Key Observations from Summary

  • Physical Activity:

Total Steps: The data shows a wide range in total steps, suggesting a diverse user base with varying activity levels. This could inform targeted fitness plans or challenges to engage users.

Total Distance: Users cover a broad distance, indicating different preferences in physical activities. Bellabeat might tailor product features or recommendations based on these preferences.

Calories: The distribution of calories burned highlights variations in users’ metabolism and activity intensity. This could be leveraged for personalized fitness guidance or nutritional insights.

Very Active Minutes: The considerable range in very active minutes implies a spectrum of fitness dedication among users. Bellabeat could develop features catering to both beginners and fitness enthusiasts.

  • Sleep:

Total Sleep Records: The majority of users have one sleep record, suggesting a consistent sleep tracking pattern. Bellabeat could enhance features related to sleep quality or introduce personalized sleep insights.

Total Minutes Asleep: The diverse range in minutes asleep indicates different sleep durations among users. Bellabeat might offer tailored sleep recommendations or content based on individual needs.

Total Time in Bed: Variability in time spent in bed could be due to lifestyle differences. Bellabeat may provide insights into optimizing sleep routines or adjusting sleep patterns for improved well-being.

  • Weight and BMI:

Weight (Kg): The distribution in weight showcases diversity among users. Bellabeat might offer personalized weight management plans or collaborate with health professionals for tailored advice.

BMI: The range in BMI values suggests a mix of body compositions among users. Bellabeat could develop features promoting holistic well-being, considering diverse health goals and body types.

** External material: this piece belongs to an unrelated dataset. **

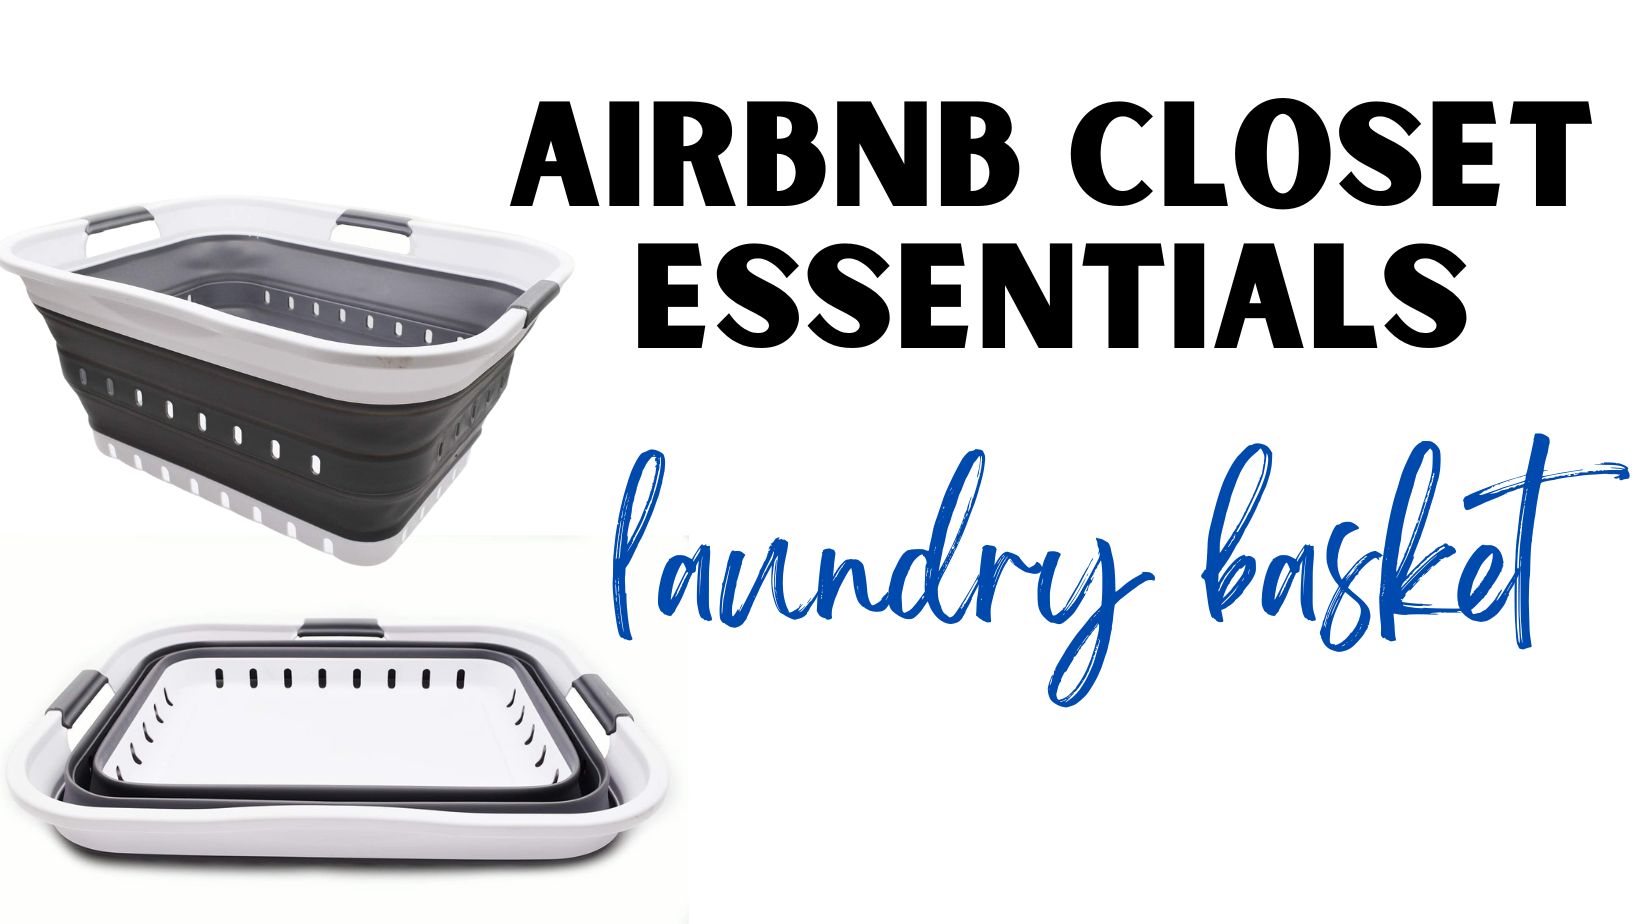 Airbnb Closet Collapsible Laundry Baskets
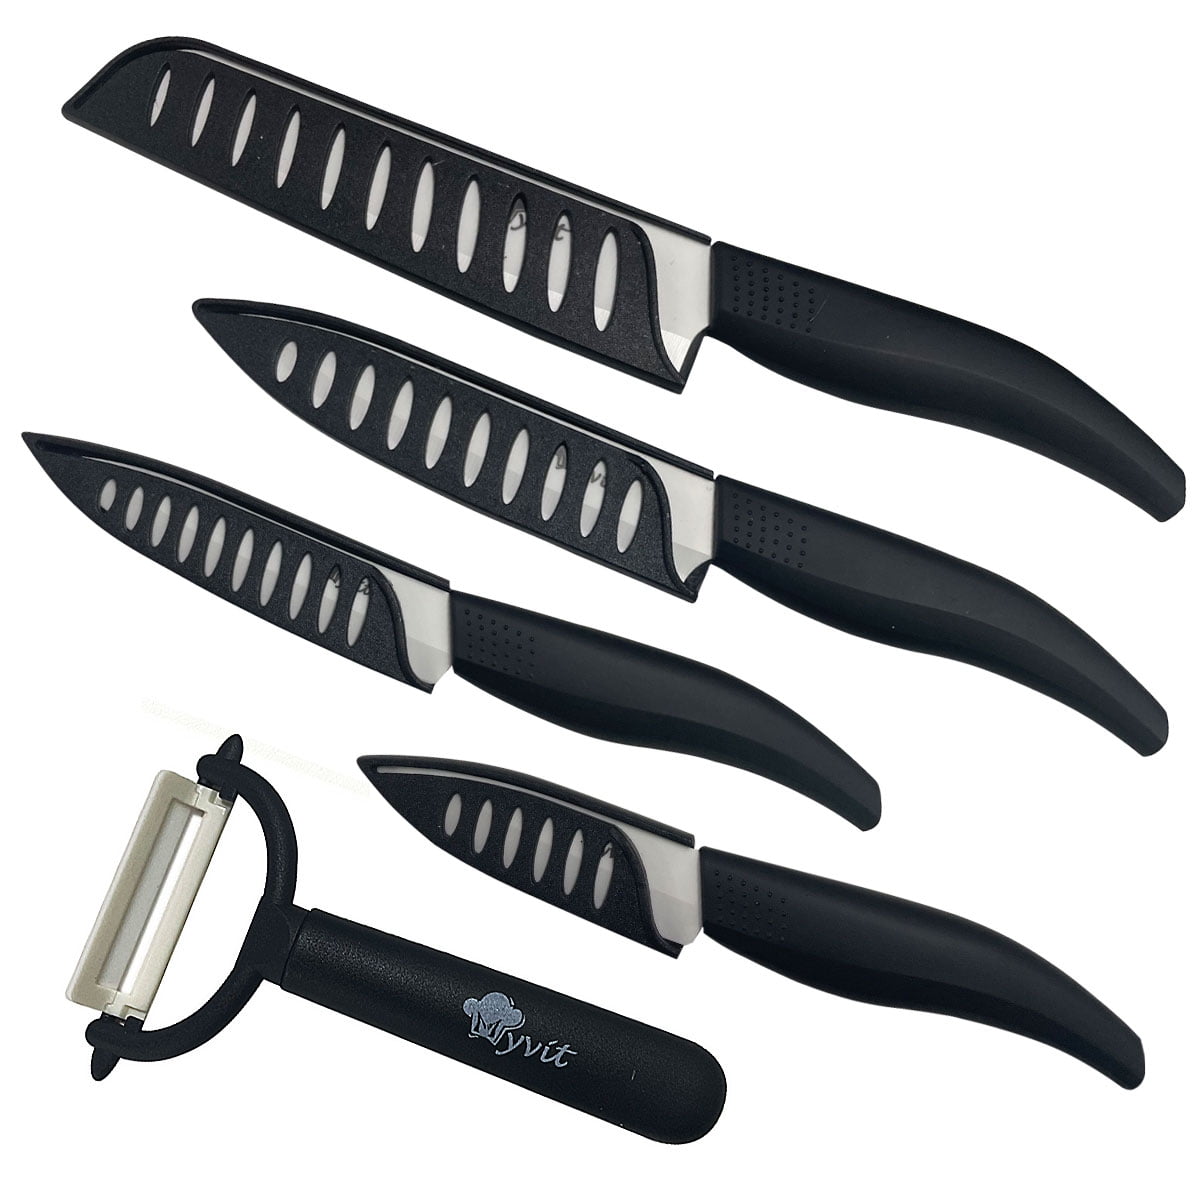 WACOOL Ceramic Knife Set 3-Piece (6-inch Chef's Knife, 5-inch Utility  Knife,4-inch Fruit Paring Knife), with 3 Knife Sheaths for Each Blade  (Colorful

*Data Entries and Duration:

Entries: The consistent number of entries per day could indicate user engagement. Bellabeat may further encourage regular participation or offer incentives to maintain user interest.

Duration: The uniform duration of 30 minutes per day suggests a standardized data collection time frame. But is that enough time to understand health? Bellabeat might consider providing options for flexible data collection periods to accommodate diverse user preferences.

Overall, it is clear that our users have a wide range of different health habits. Now let’s explore if there were any changes to our users health aspects over time!

Key Questions to Explore

  • Exploring Health and Weight: Given the significance of the weight loss industry, what correlations exist between various health aspects and metrics such as calories burned, BMI changes, and weight changes?
  • Sleep and Health Correlations: Are there discernible correlations between sleep patterns and different health aspects, shedding light on the impact of sleep on overall well-being?
  • Product Usage and Health Impacts: Do patterns of product usage show any correlations with changes in health aspects? Investigating whether engagement with the product relates to increases or decreases in specific health metrics provides valuable insights into user behavior and product effectiveness.

Visualizng Patters

First, let’s look at Usage.

We will start by analyzing user BMI. Using ggplot, I’ll visually represent the relationship between user entries, BMI change, and duration, with a color gradient indicating the duration.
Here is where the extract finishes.